§ Task details
Once the images are set aside, print the remaining lines below exactly.

____________________

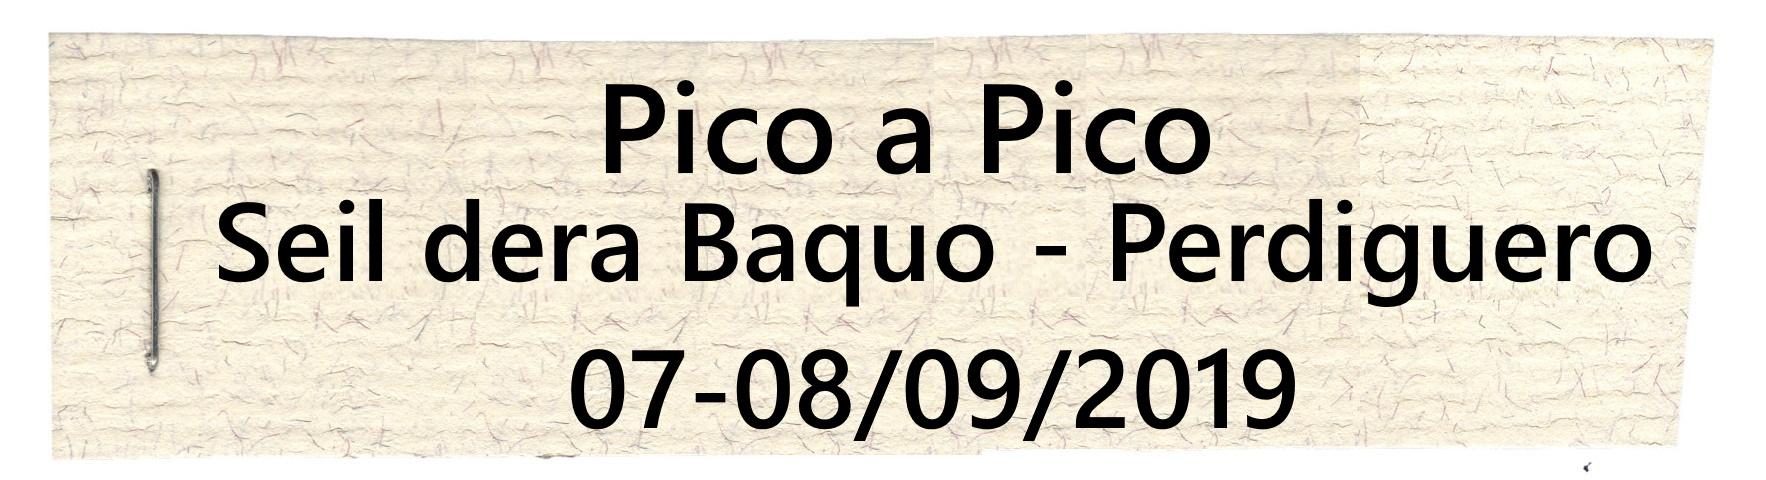 PICO-A-PICO29
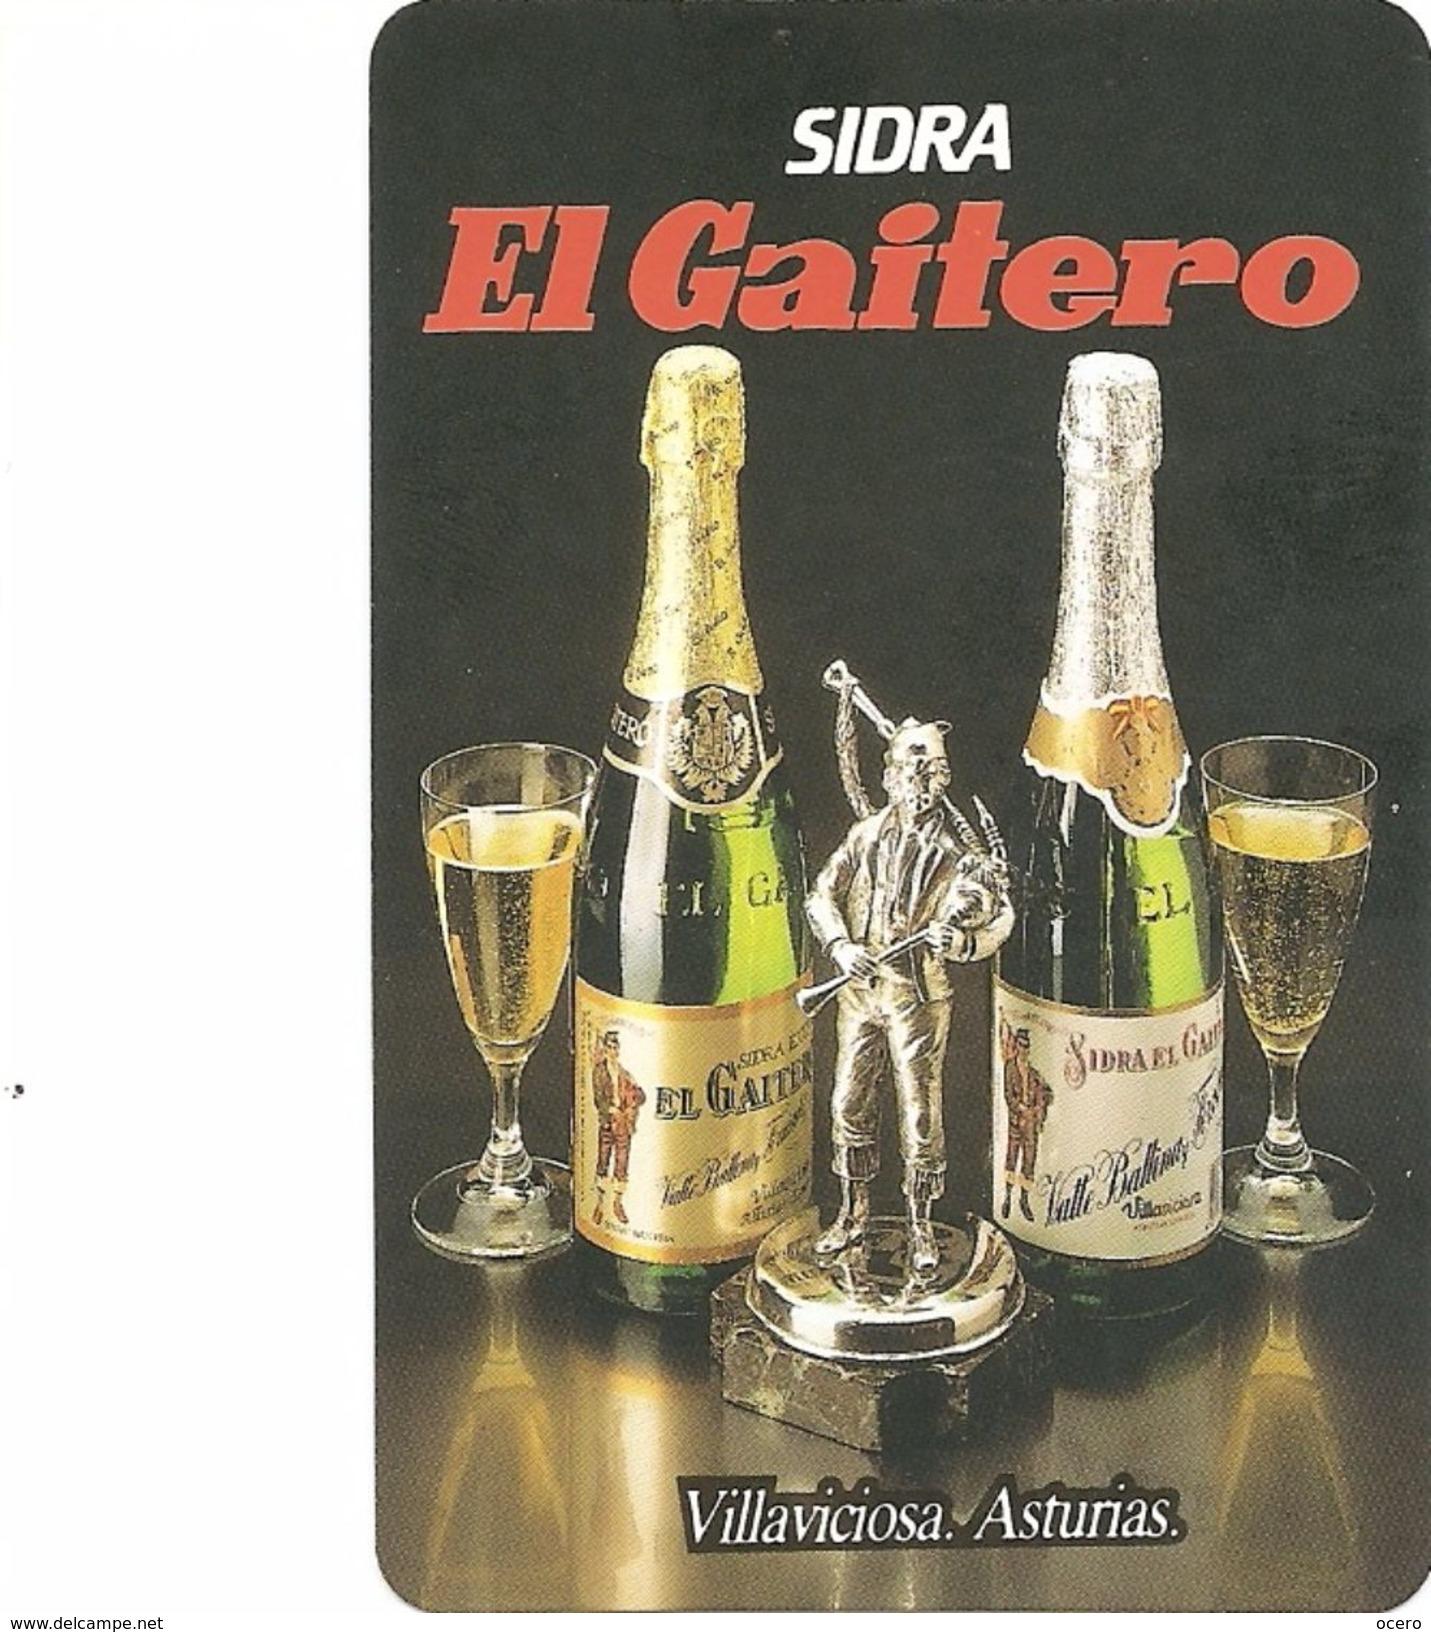 Calendario EL GAITERO, Villaviciosa (Asturias) - Calendarios
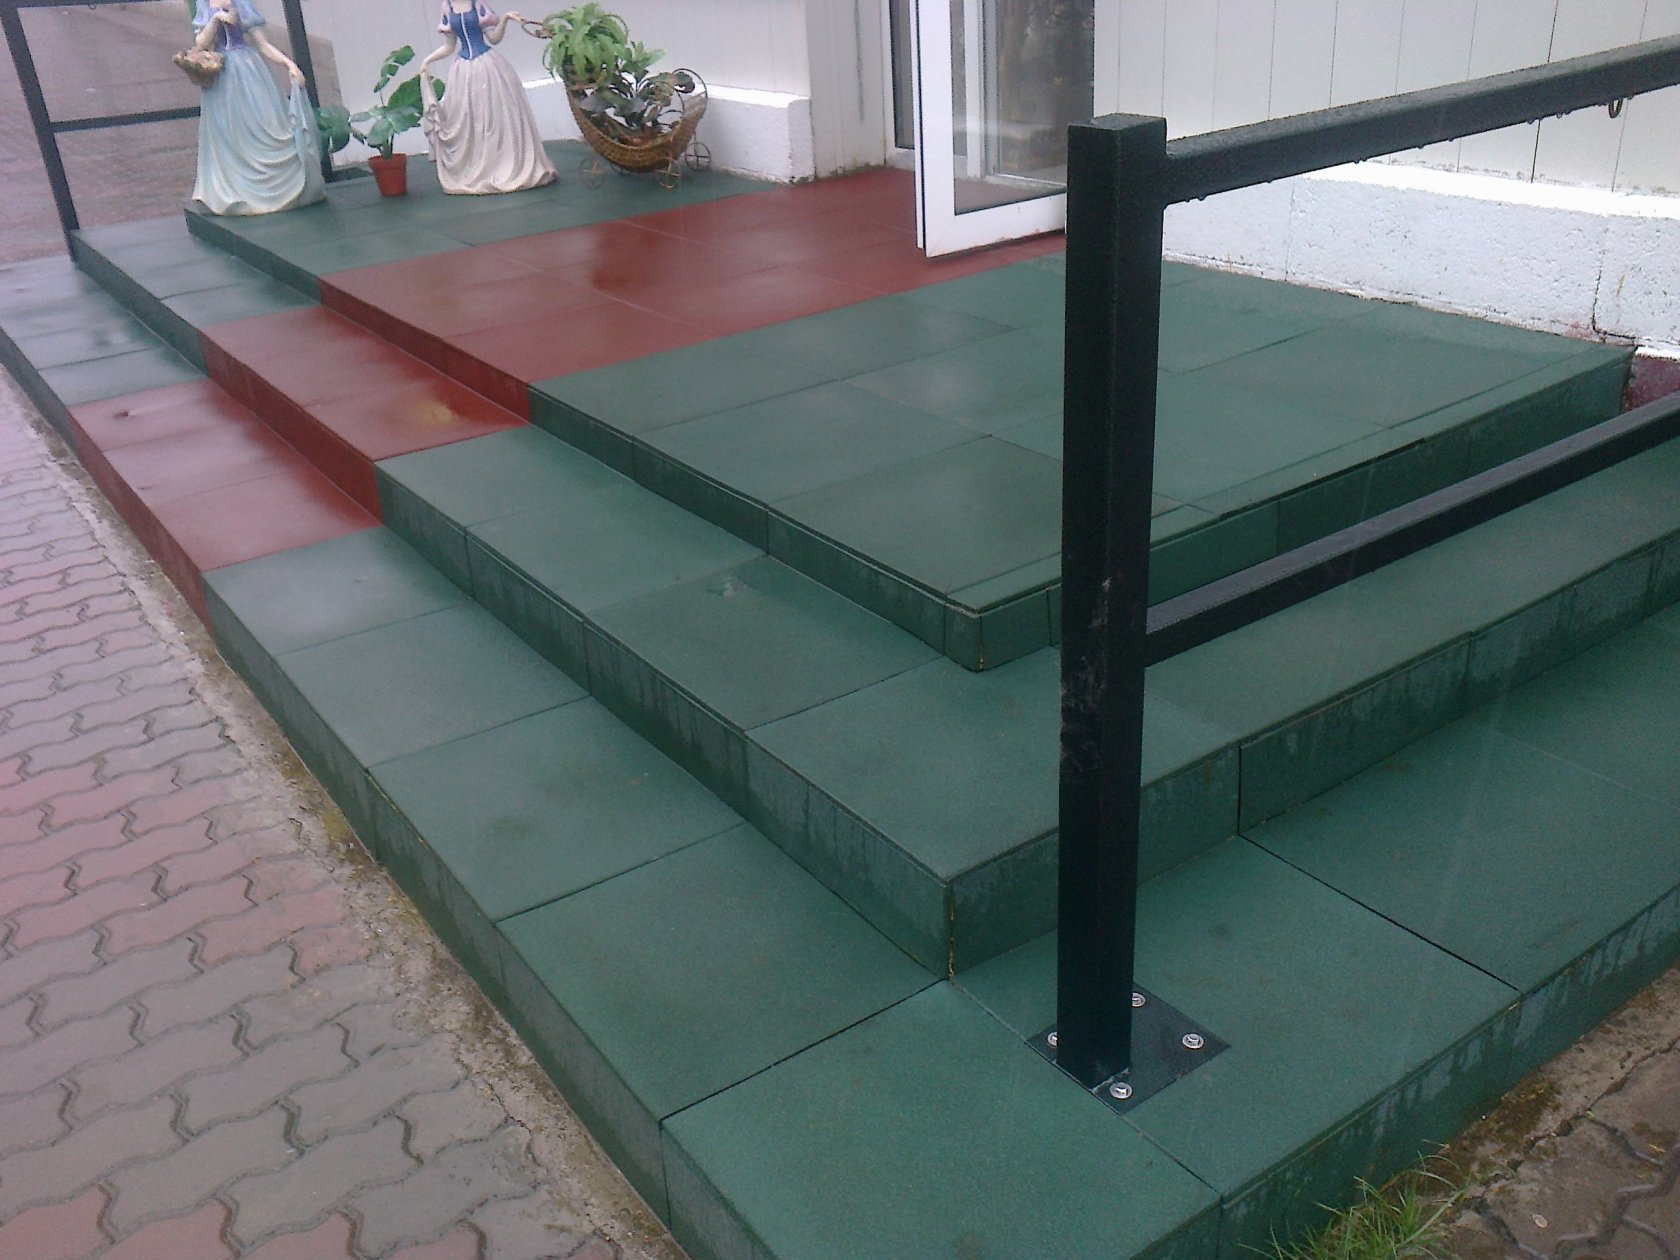 цена на резиновую плитку для ступеней крыльца в Ставрополе
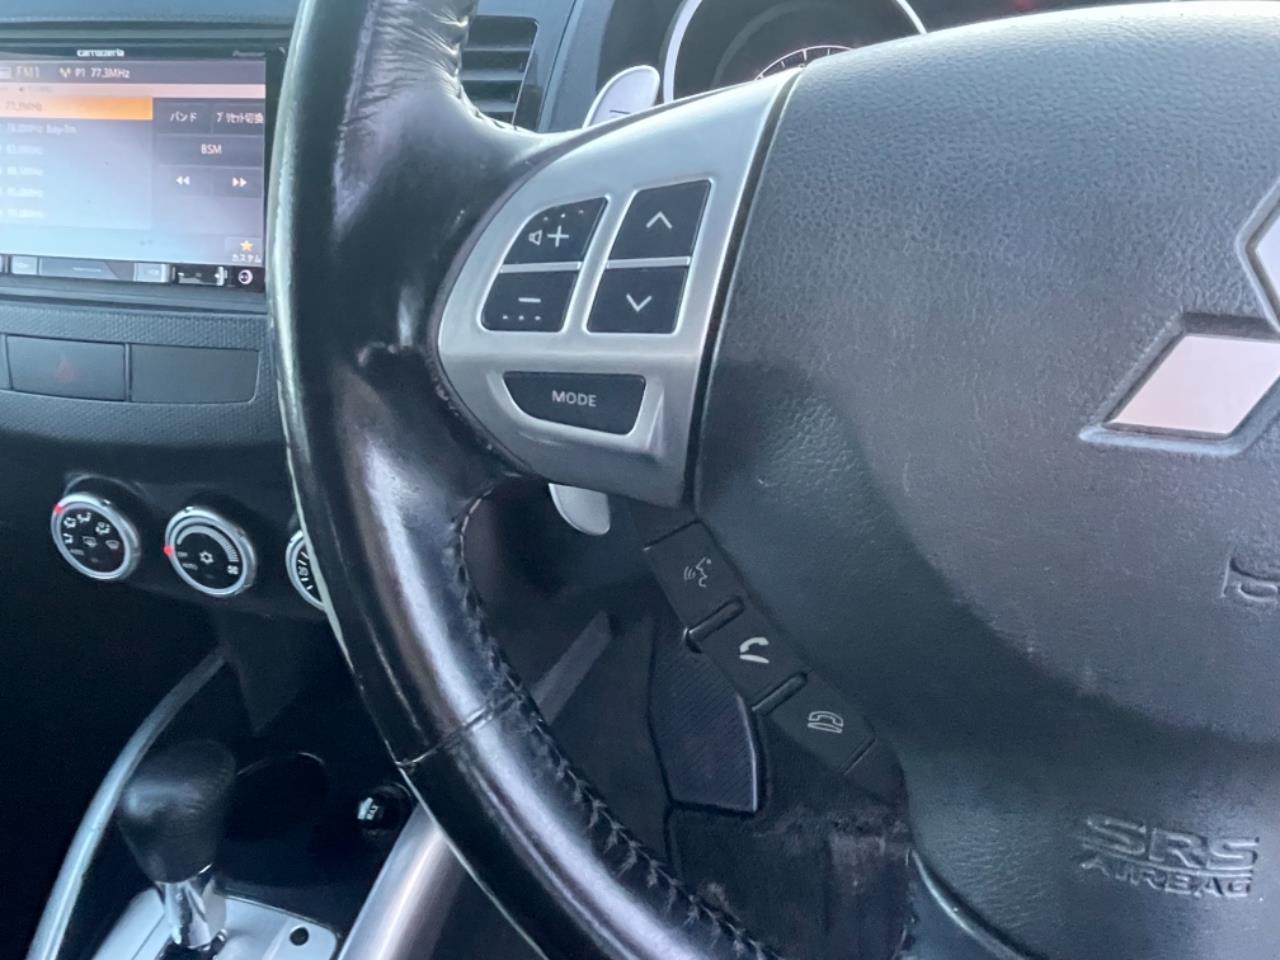 image-11, 2007 Mitsubishi Outlander 24G 4WD 7-Seater at Christchurch
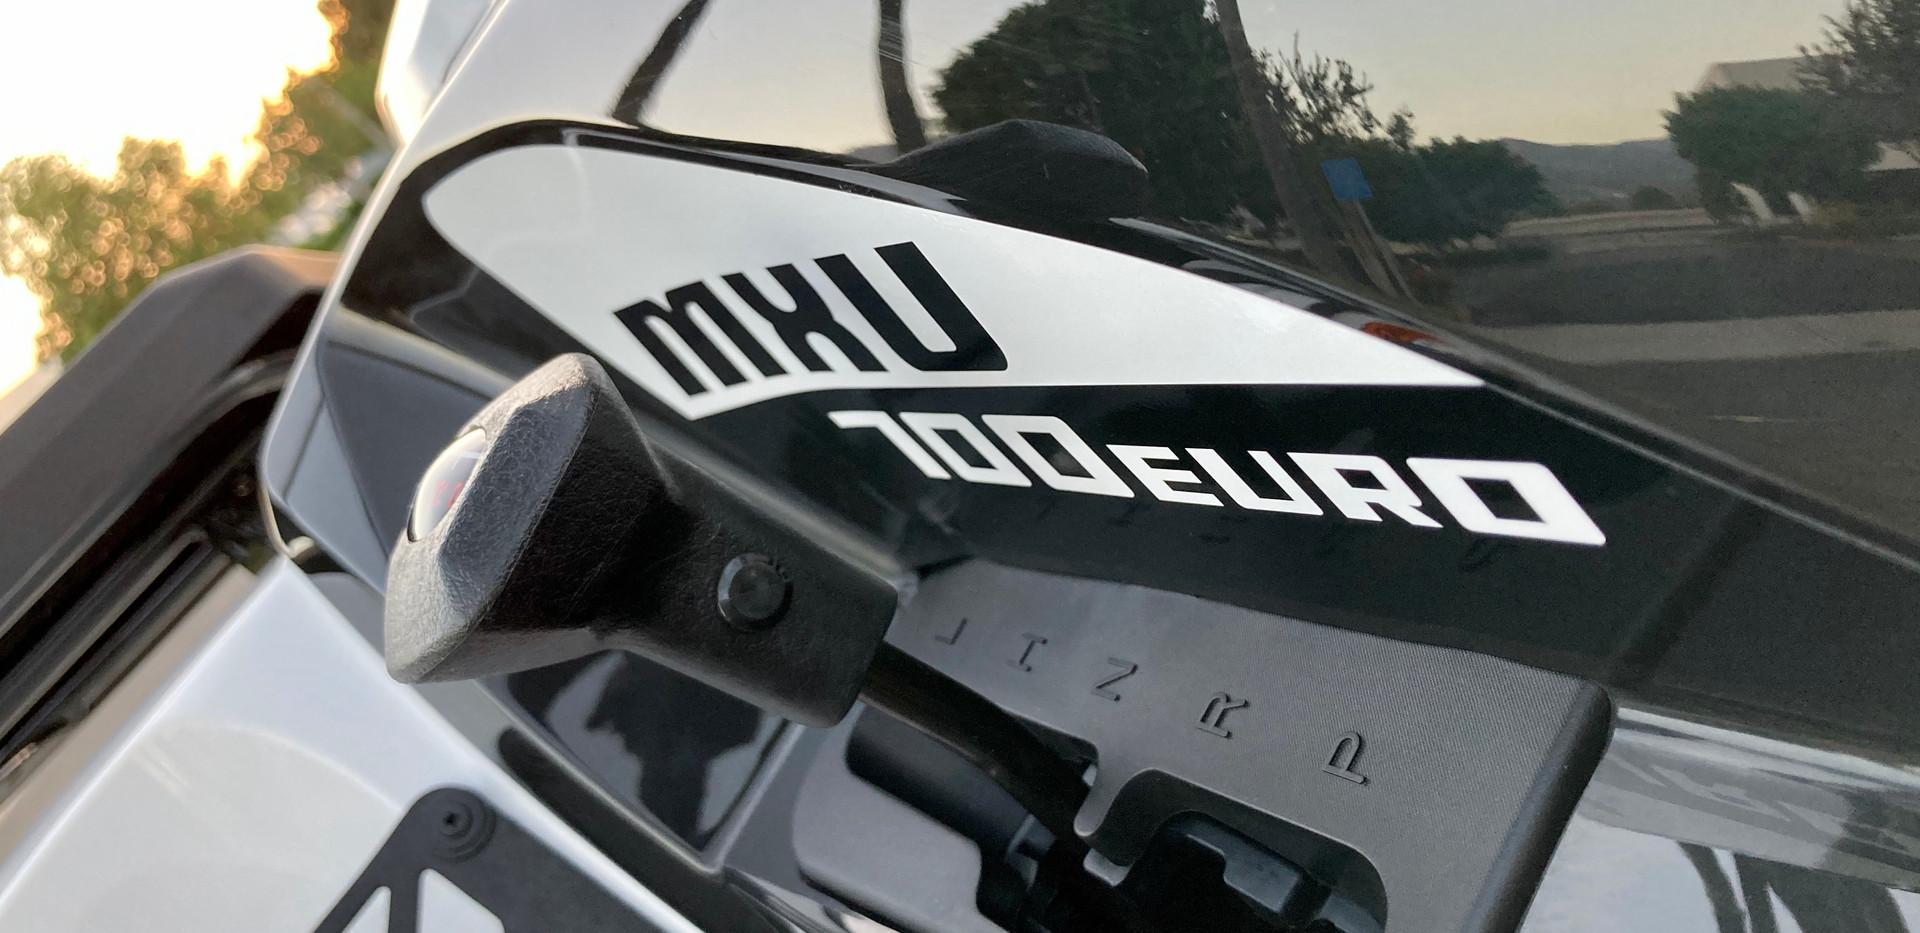 2020 Kymco MXU 700 Euro (1).JPG

____________________

§ Solution below
 PICO-A-PICO29
 Calendario EL GAITERO, Villaviciosa (Asturias) - Calendarios
 цена на резиновую плитку для ступеней крыльца в Ставрополе
 image-11, 2007 Mitsubishi Outlander 24G 4WD 7-Seater at Christchurch
 2020 Kymco MXU 700 Euro (1).JPG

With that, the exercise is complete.